Personally I'm a fan of TR, it got George into remission, took about 5 months to get there, but we started seeing progress after following the protocol for a couple of months. ECID of course, some respond sooner and others take a little longer, other health issues can of course impact the results you might expect.

I have the next several months available to monitor him closely as required by TR.
If you have time now, if it were me I would take the bull by the horns now with TR and see what happens, in a few months time, when you are going to monitor less you can always drop back to from TR to SLGS if need be.
. if he is bouncing, that would indicate that the dose is too high and it should be lowered correct?
No, that's not what we call bouncing here. What you may have read is about somogyi effect and rebound checks, suffice to say that somogyi was a theory based on a very small number of human patients, and has later been disproven, it was never researched in cats but the theory was just extrapolated and vets still hold on to it, even though it's been disproven.

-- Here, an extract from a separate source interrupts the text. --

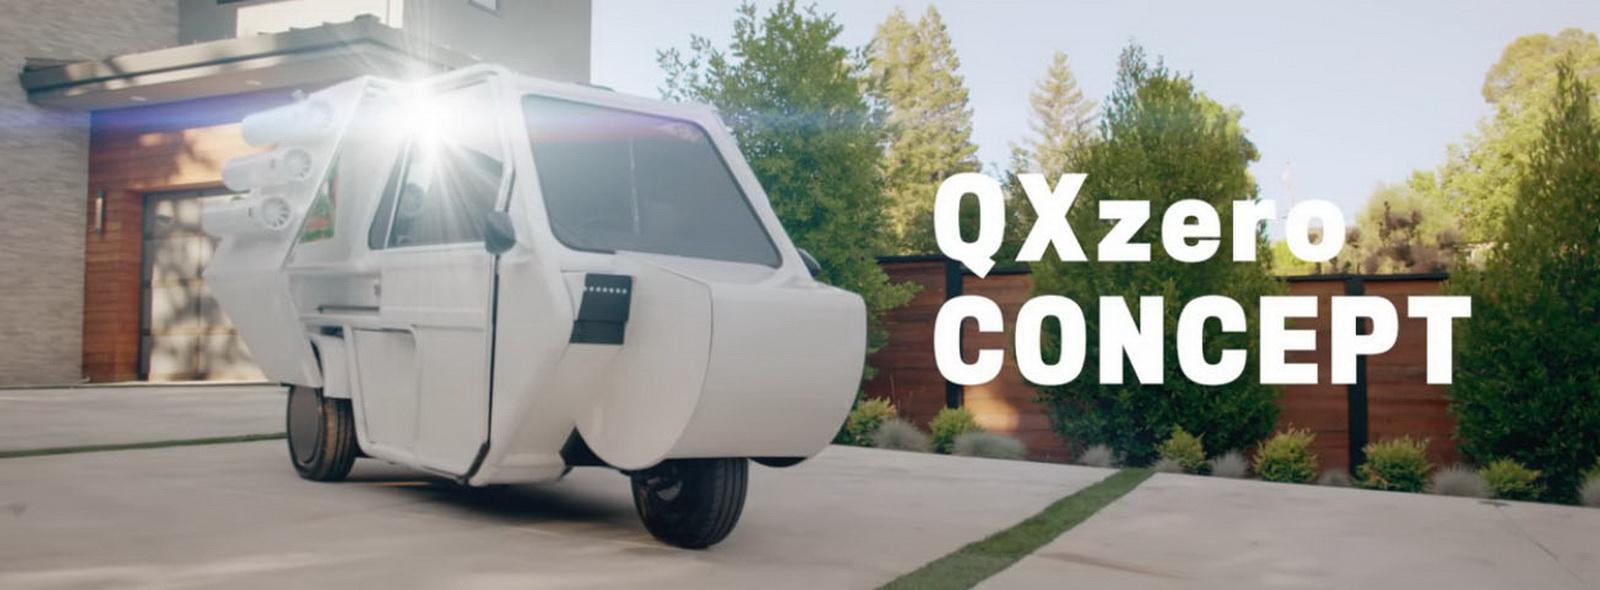 圖/本段影片以「The Future of Luxury」為主題,要介紹的是QXzero CONCEPT。

When we talk about bouncing on the forum what we refer to is a physiological reaction to lower than normal BG, for a cat that has had BG in the 400 in a while, dropping to 200 fast can set off a bounce, that doesn't mean he's on too much insulin. With any luck the more time that kitty spends in lower numbers the more used to it his body gets and the bouncing can eventually stop. Some cat's bounce more than others, but either way it's part of the process, we ignore the bounces when making dosing decisions and look to see where the nadirs are, that will govern your decisions.
 
Thanks. I will go with TR for at least the next few months.

Just to clarify ... his nadir can be at any time during the cycle? For example ... if his AMPS is the lowest for that 12 hour period ... would that be his nadir?
 
Thanks. I will go with TR for at least the next few months.

Just to clarify ... his nadir can be at any time during the cycle? For example ... if his AMPS is the lowest for that 12 hour period ... would that be his nadir?
Yes that's right, nadir is simply the lowest number in the cycle.
 
Good job with the testing today.
If you are decided on TR, could you pop it on your sig block, for anyone trying to help, it's one of the first things we look for.

If you can grab a +1 or +2 tonight as well as a just before bed test that would be great, and if you haven't seen any blue/green, you would be ok to take him up to 3.25 tomorrow. I'm going to ask some others to stop by just in case I'm missing anything.

Heading off to bed shortly, nite nite, see you tomorrow.